* [DATASET SECTION]
=== Section Start ===
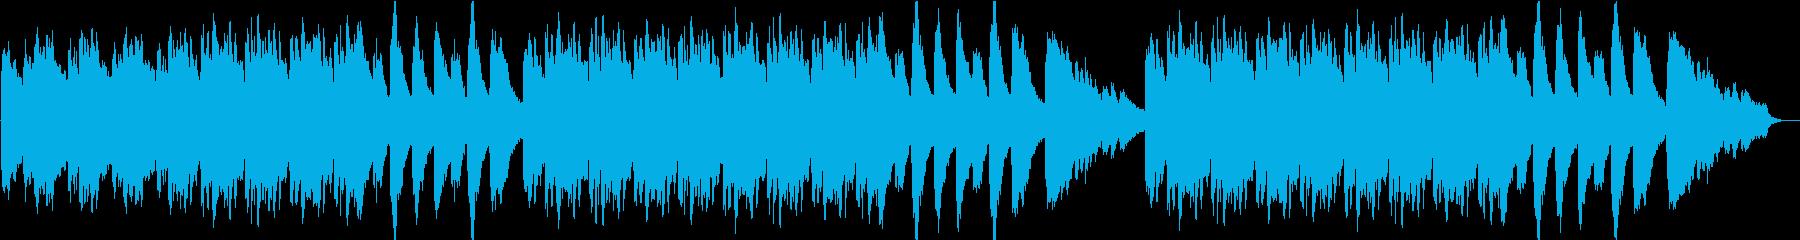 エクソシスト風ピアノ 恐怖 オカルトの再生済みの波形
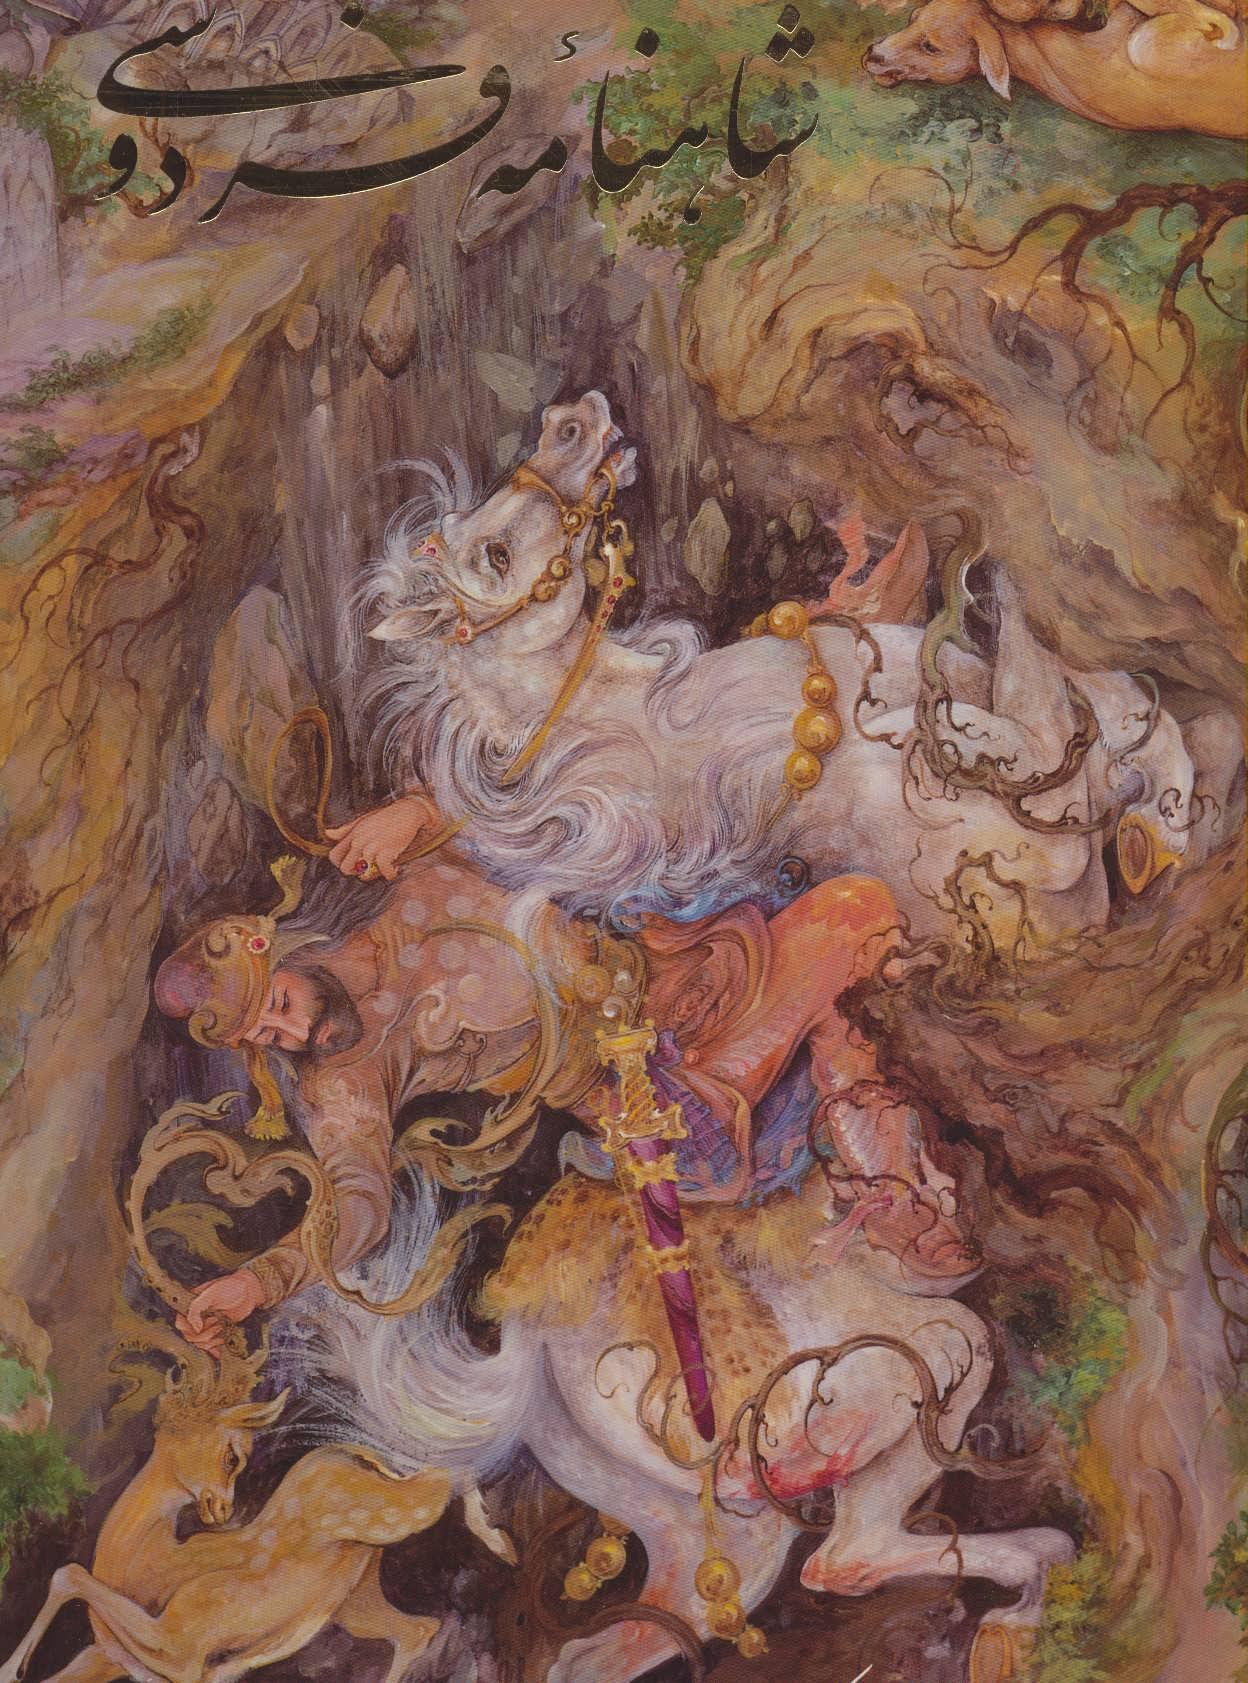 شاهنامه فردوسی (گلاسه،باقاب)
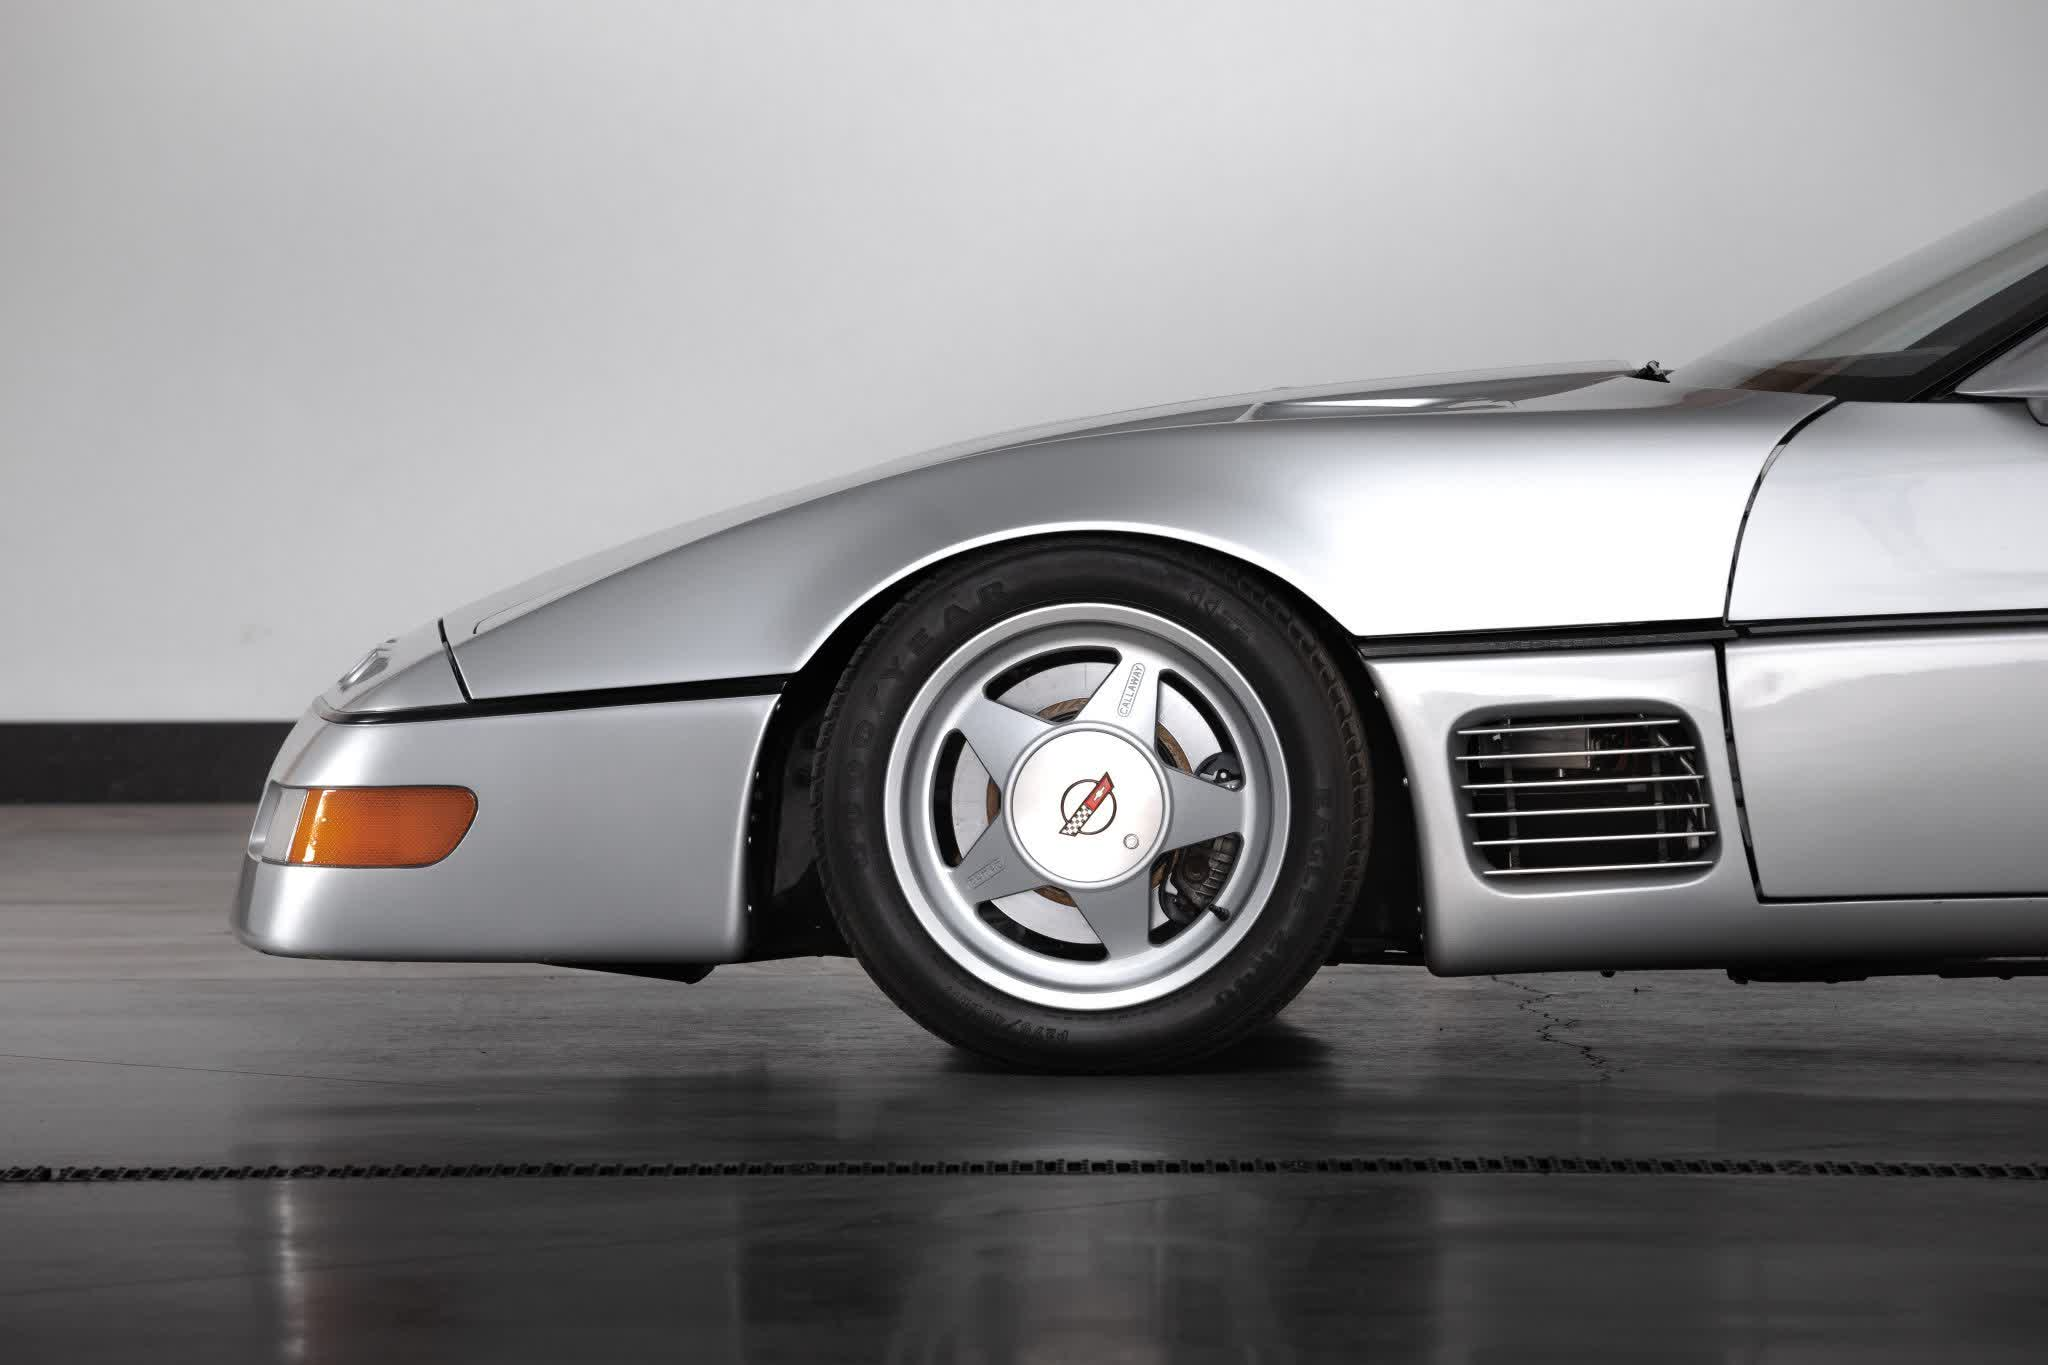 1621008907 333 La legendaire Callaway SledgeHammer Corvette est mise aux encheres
=== Section End ===
* [TO DO] Return the material above exactly; the images stay out.

* [TASK ANSWER]
 エクソシスト風ピアノ 恐怖 オカルトの再生済みの波形
 شاهنامه فردوسی (گلاسه،باقاب)
 1621008907 333 La legendaire Callaway SledgeHammer Corvette est mise aux encheres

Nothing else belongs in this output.